2000年12月01日
都議会民主党 都政報告
福祉切り捨て御免は、ゴメンだ
東京都は、財政再建推進プランによって、シルバーパスなどの福祉施策も見直しの対象とするなど、都は厳しい福祉施策の見直しに着手しました。
それを受け都議会民主党は、慎重に議論を重ねた結果、当初見直し案に対し、再検討を求めました。
石原知事も私たちの要求を受け、一二年度の予算案のなかで以下のような改善案を示しました。
◎シルバーパスは、無料パスの交付事務費として年額六千円の一部負担を示していたが、年額千円に減額された。
◎老人福祉手当や老人医療費助成は、それぞれ経過措置を設けた。
◎在宅サービスの充実や健康づくりの推進のために区市町村への包括補助制度を創設し、二百二十八億円(特養ホーム経営支援百億を含む)を予算化した。
◎重症心身障害児手当は、所得制限(扶養三人の例で年収六百三十五万円)を導入していたが、対象外となる人については三年間の経過措置を設けた。

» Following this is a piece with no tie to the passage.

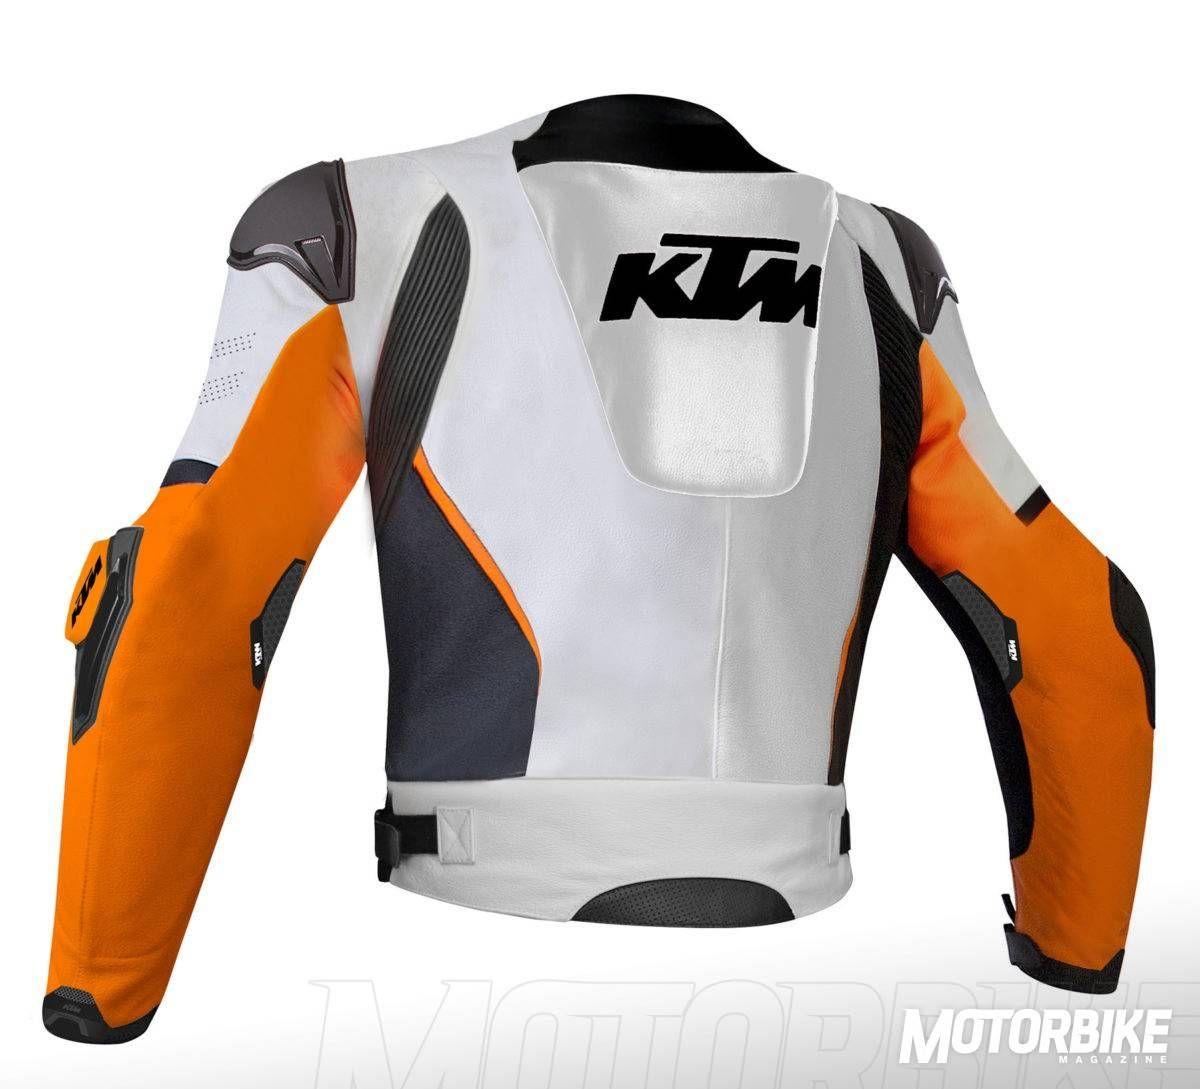 Motorrad Jacke Leder Motorradjacke Lederjacke KTM-orange Motorradlederjacke
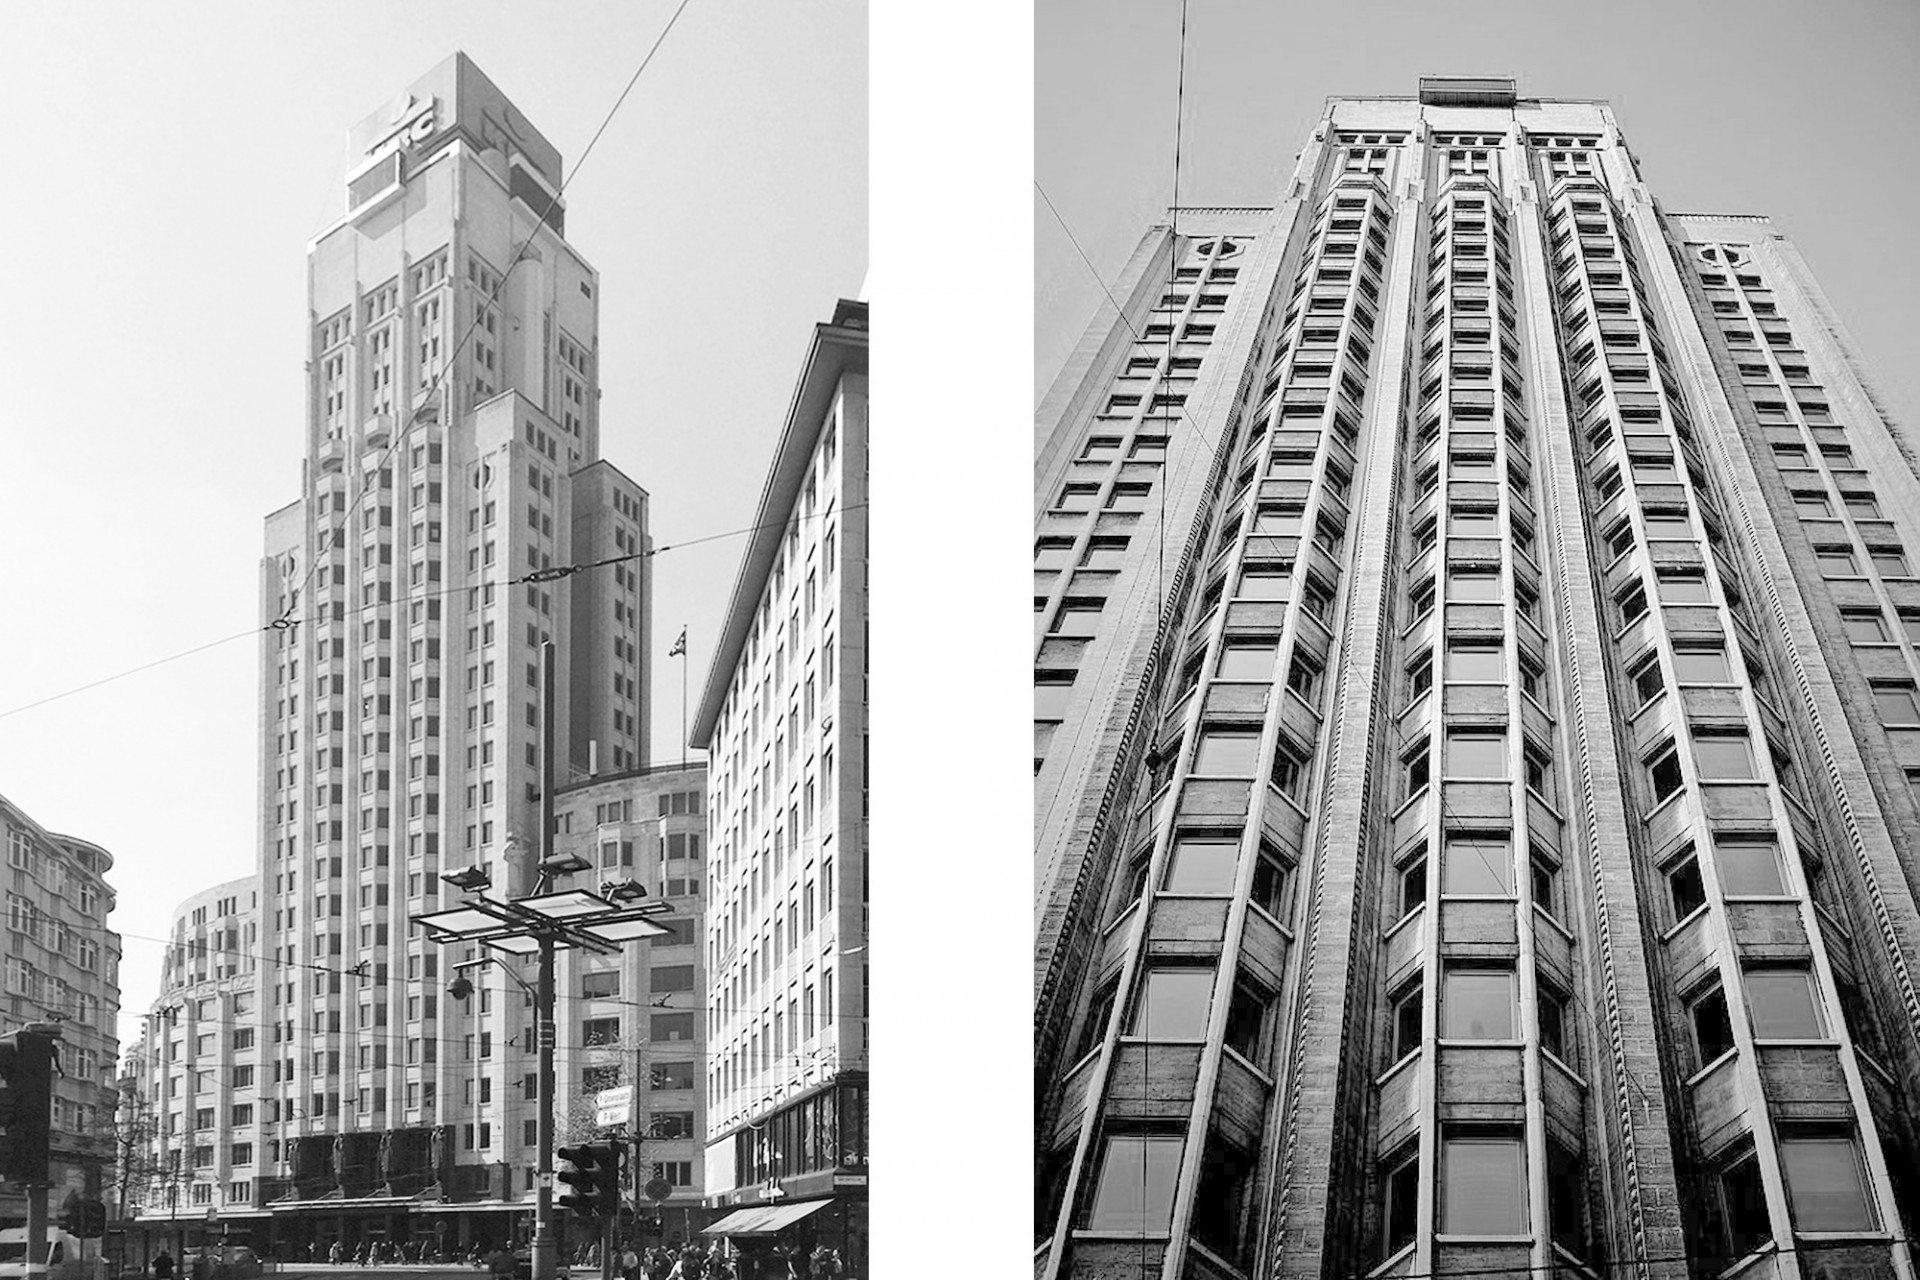 """Amerikanisch. Er ist noch immer der Star der modernen Antwerpener Skyline. Bei seiner spektakulären Eröffnung anlässlich der Weltausstellung 1930 war der Boerentoren (Bauernturm) eines der höchsten Gebäude Europas. Seinen Namen erhielt der 87,5 Meter hohe Turm durch die damaligen Hauptklienten der Bauherrin """"Kredietbank"""". Sie waren zumeist Bauern. Der Architekt Jan Van Hoenacker ließ sich bei seinem Entwurf unverkennbar von den Art Déco-Legenden Chicagos und New Yorks inspirieren. Durch spätere Umbauten und Aufstockungen wuchs er auf mittlerweile 97 Meter an."""

◎心身障害者医療費助成は、所得制限を引き下げるとともに一部負担(老人保健制度に準拠)を導入する案を示していたが、低所得者(住民税非課税)に対しては、本人負担なし(入院時の食事代を除く)とした。
◎乳幼児医療費助成は、一部負担(同上)を導入する案を示していたが、本人負担なし(同上)としたまま、逆に対象年齢を四歳から五歳に引き上げた。
◎総論
障害者の場合は、ある日突然、本人やその家族に降りかかり、経済的な負担、精神的な負担も大変大きいものがあります。障害者に対する在宅サービスについても、厳しすぎると判断し、反対しました。また、見直しに至るまでのプロセスが不十分だった点も残念です。それまで石原知事は一切福祉の見直しには発言せず、外形標準課税の喧噪のなかで、見直しが決定されてしまった感は否めません。